Windows Firewall is oblivious to malicious outbound traffic. Yes, one can spend a lot of time setting up WF rules, but quite a few malware now have scripts embedded in them to allow the connection to Command or just disable WF (and no firewall will prevent hijacking- it will just be aware of and stop the connection from that hijacked process).

 

[AtlBo]

Revisiting this after a week. I feel Fort Knox is good enough to run in the place of the Comodo firewall element of CF. I can't explain exactly why I like it, except that it seems like a bargain to me for a program that was recently updated with clean up to date digital signatures and might be entering into a period of active development. It's only $23 for a key for 5 PCs, and I like where the program is already.

What I like
1. May seem like a simple stupid thing, but I like the WhoIs feature where the data is actually imported into the program. Miles better than having to open a web page or TCPView every time to see who is connection.
2. Web connections page-another small thing, but this presentation is clean and clear. Most importantly, the connections are organized in a sensible way...apps at the top and everything else at the bottom
3. Don't think it requires Windows Firewall to be on. Maybe this is not really a plus honestly, but I tried, and it can be turned on too
4. Password protectable settings
5. The log is clean and sensible and easy to read
6. The Options seem fairly good. Maybe they are underdeveloped at this point, but what if FK takes off and you have 5 lifetime keys LOL?
7. Not sure why but I feel like this application adds an extra sense of security to the system
8. Netgate is German and I feel good about Germany and German things in general

What I do not like
1. Absence of IPv6 monitoring (hopefully it will be added)
2. This is the big one for me. No support of IP ranges with rules creation. Really going to be hoping for this one.

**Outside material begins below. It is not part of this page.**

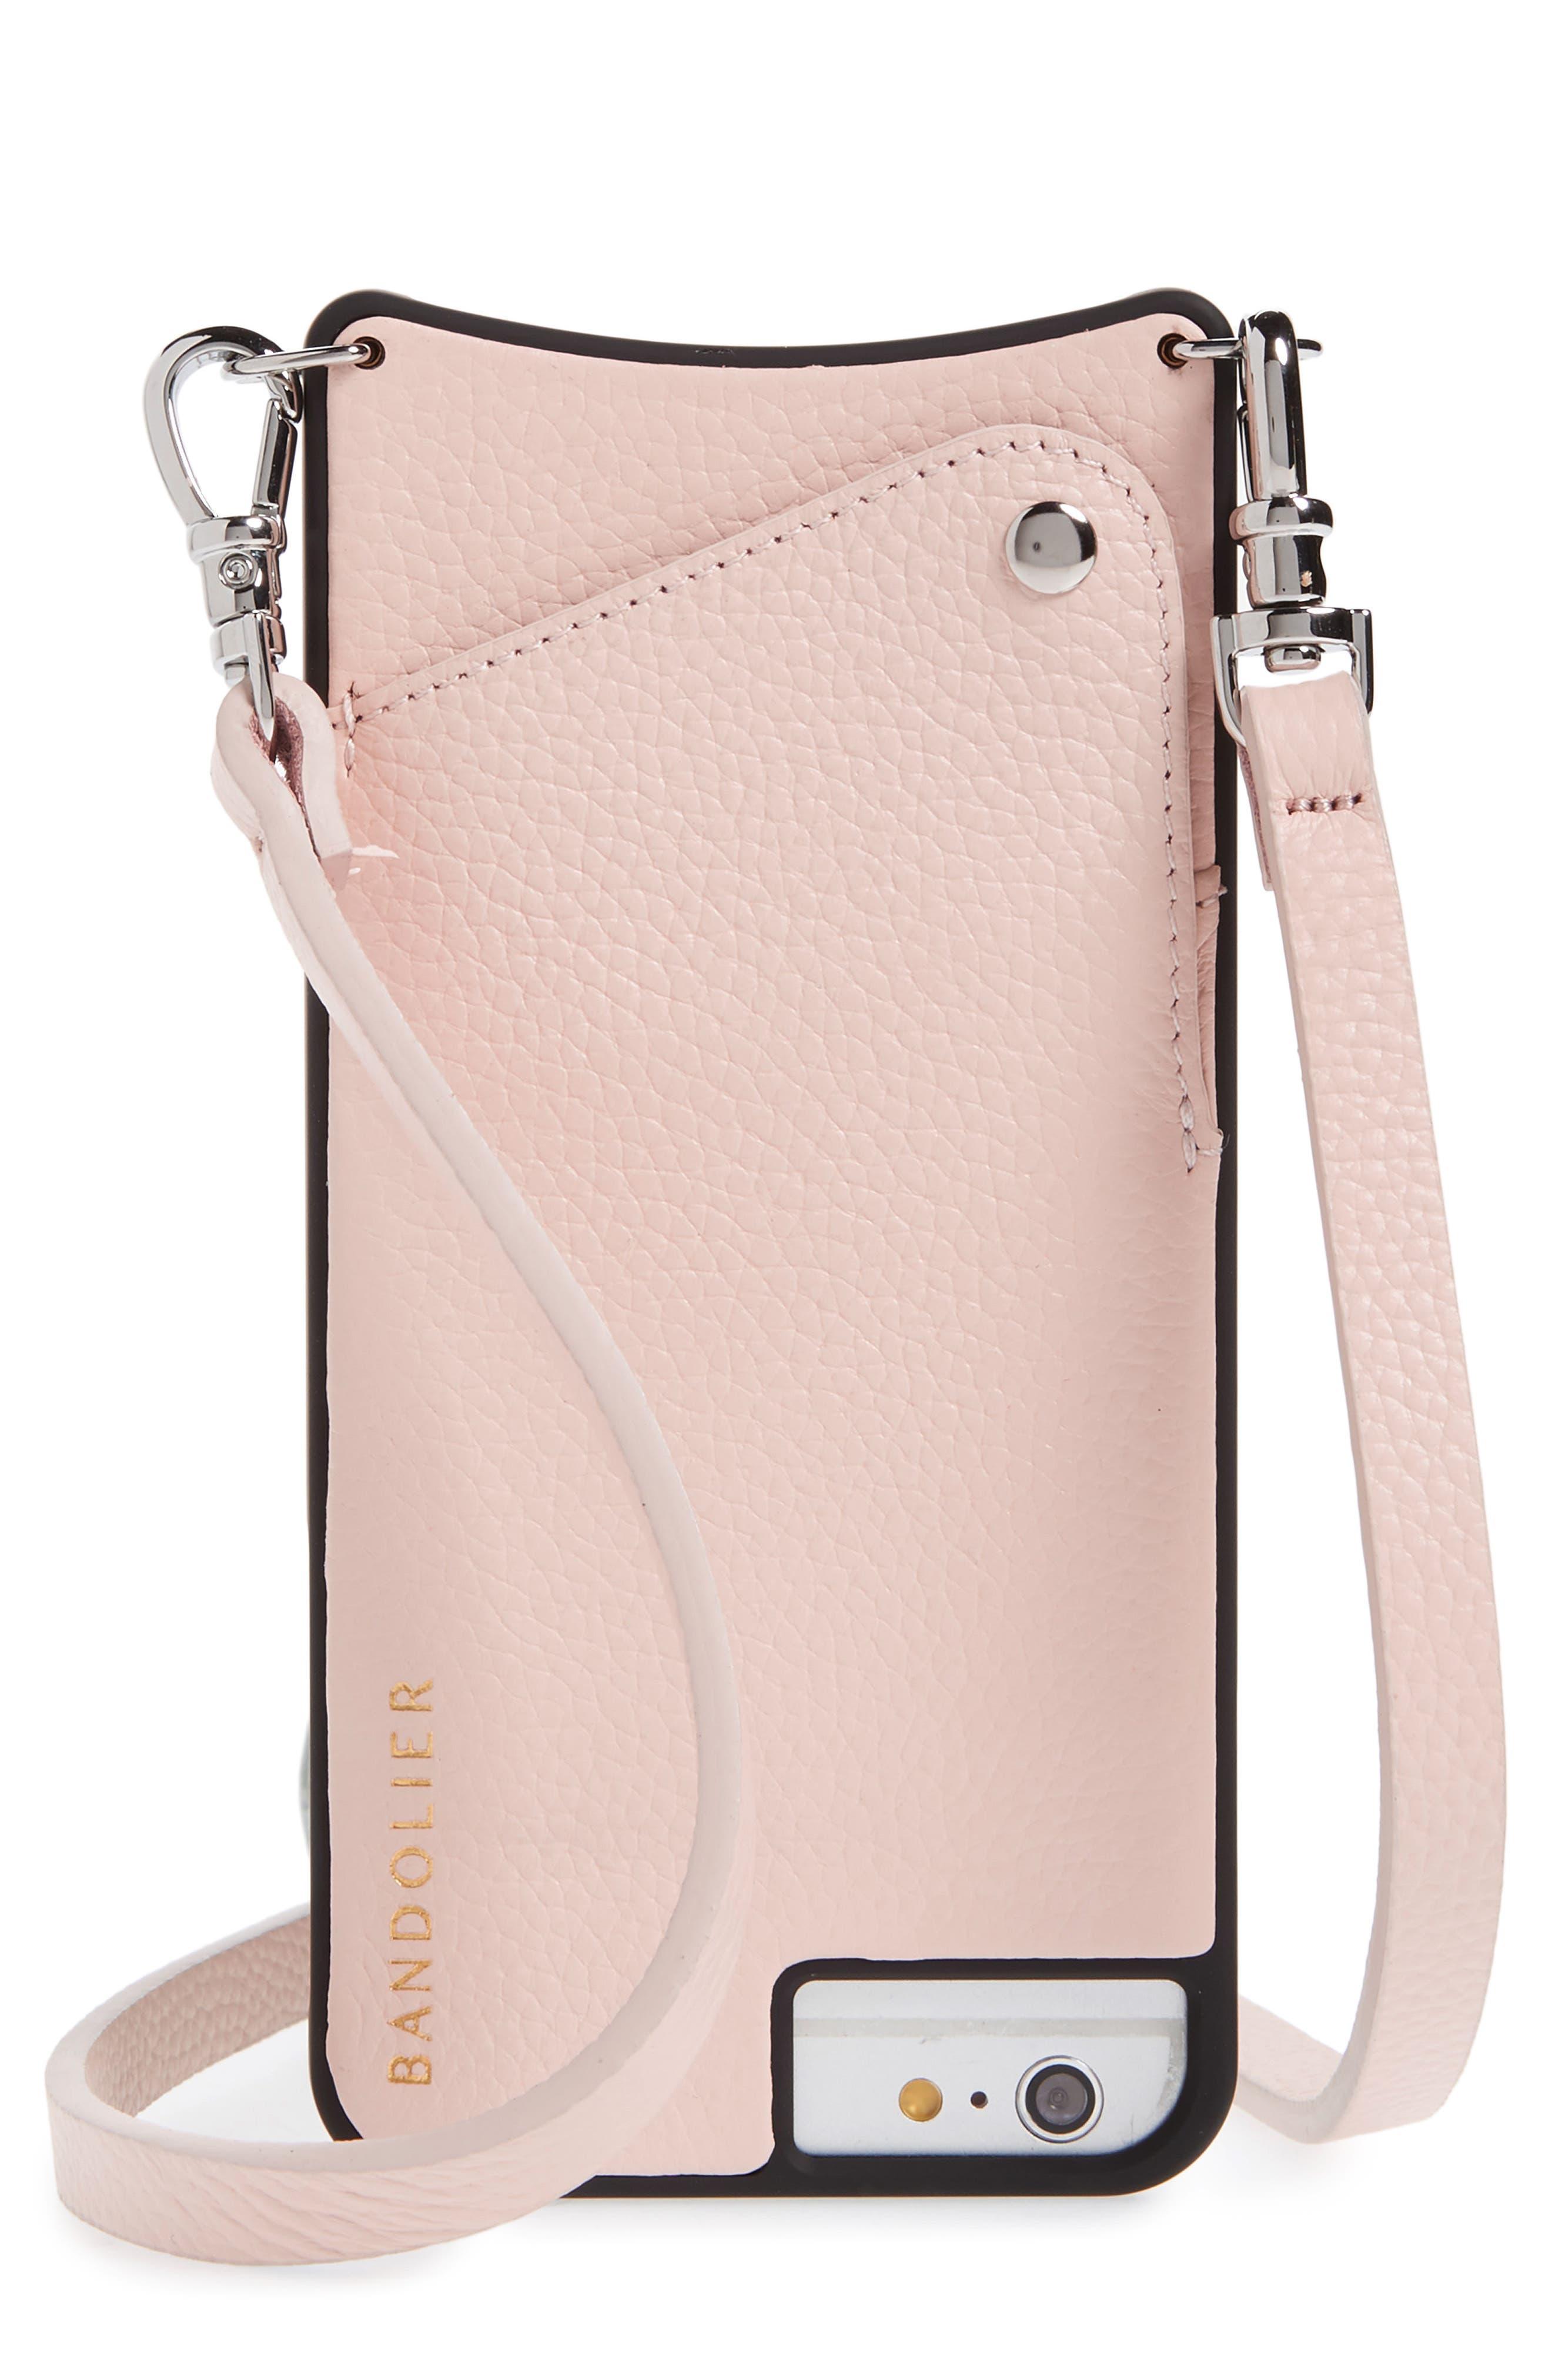 Bandolier Emma Leather iPhone 6/7/8 & 6/7/8 Plus Crossbody Case

If anyone has the spare change, and you are looking for a firewall application to fill out your setup, I think I would recommend taking a look at Fort Knox. Maybe it seems like a risk, but it's also 5 lifetime keys for a program that presents itself well and seems well written. Also, it seems to do the job. I haven't run into a situation yet where I would like to block a range of IPs, so...

 

[TairikuOkami]

2. This is the big one for me. No support of IP ranges with rules creation. Really going to be hoping for this one.

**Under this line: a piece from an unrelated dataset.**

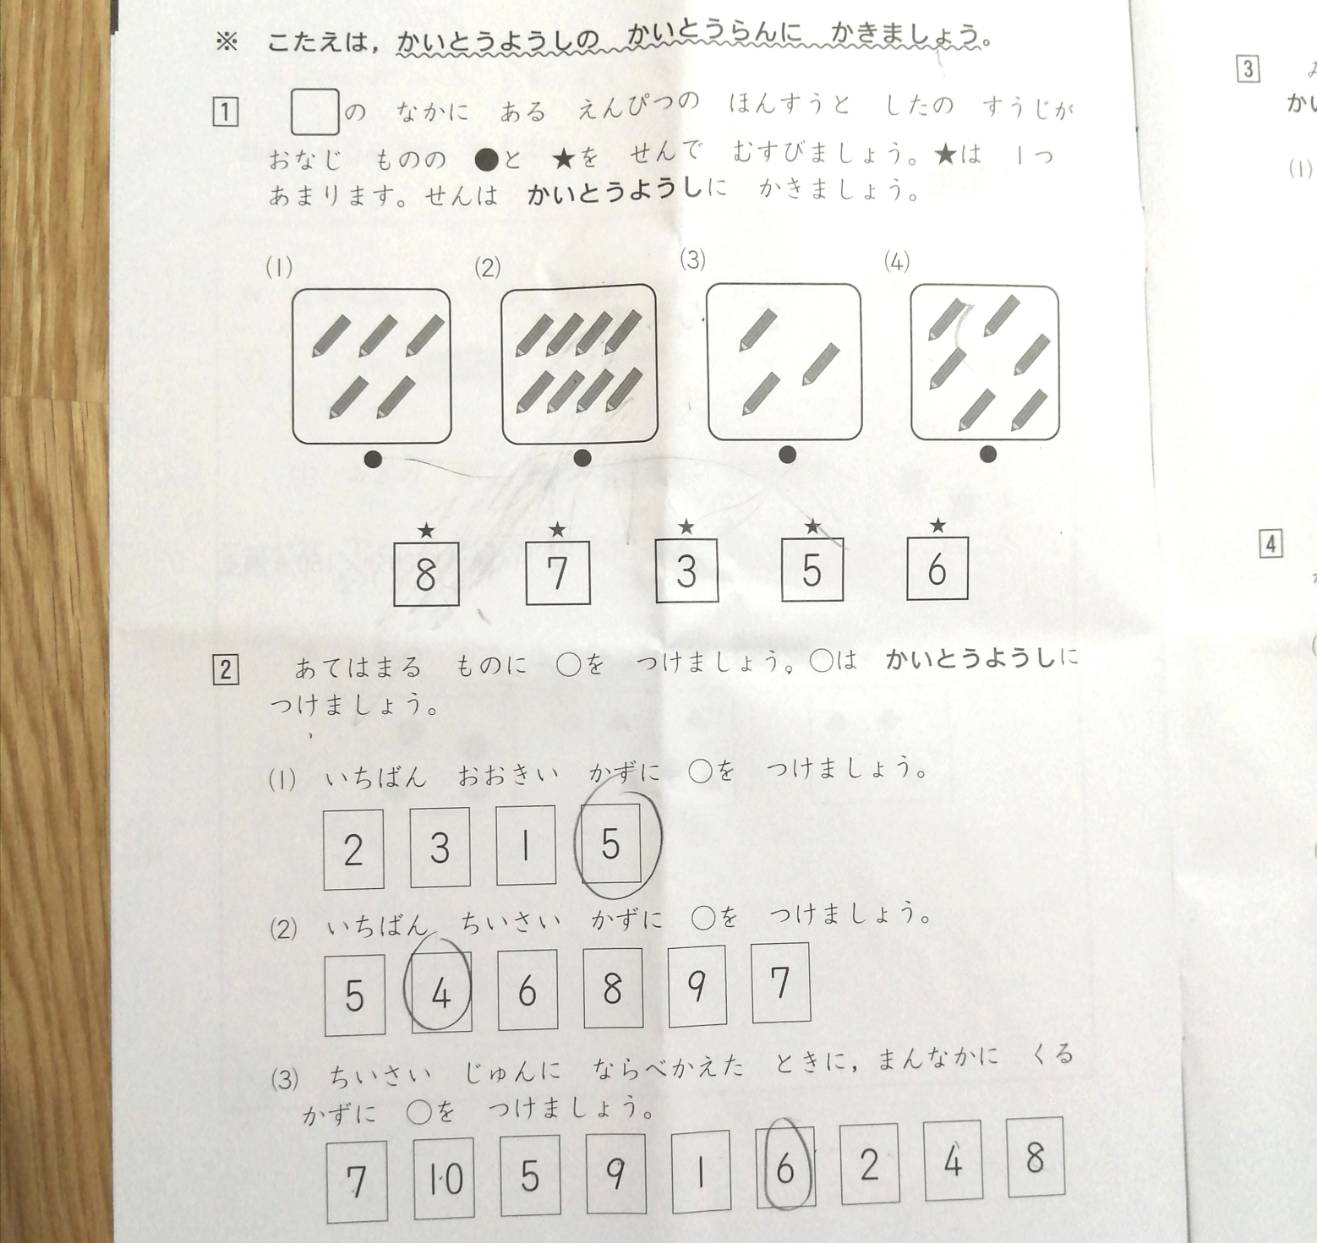 全国統一小学生テスト:小1当日のテスト内容(写真付き)

I wrote them about it and they replied, that they do not plan to add it. Pity, it would make a perfect firewall then, unlike the unprotected Windows Firewall.

I haven't run into a situation yet where I would like to block a range of IPs, so...

That depends, how strict are your rules. Since I do not use HIPS or a similar protection, a malware could hijack any process allowed in the firewall.
So I have limited their access as much as possible, like my email client only to my email domain, browser sync to its domain, time sync to NTP, etc.

Windows Firewall is oblivious to malicious outbound traffic. Yes, one can spend a lot of time setting up WF rules, but quite a few malware now have scripts embedded in them to allow the connection to Command or just disable WF

Indeed, that is why disabling scripting is the first line of defense (similar to noscript), also to prevent UAC bypass. I have disabled WSH/WMI, removed powershell.

 

[AtlBo]

I wrote them about it and they replied, that they do not plan to add it. Pity, it would make a perfect firewall then, unlike the unprotected Windows Firewall.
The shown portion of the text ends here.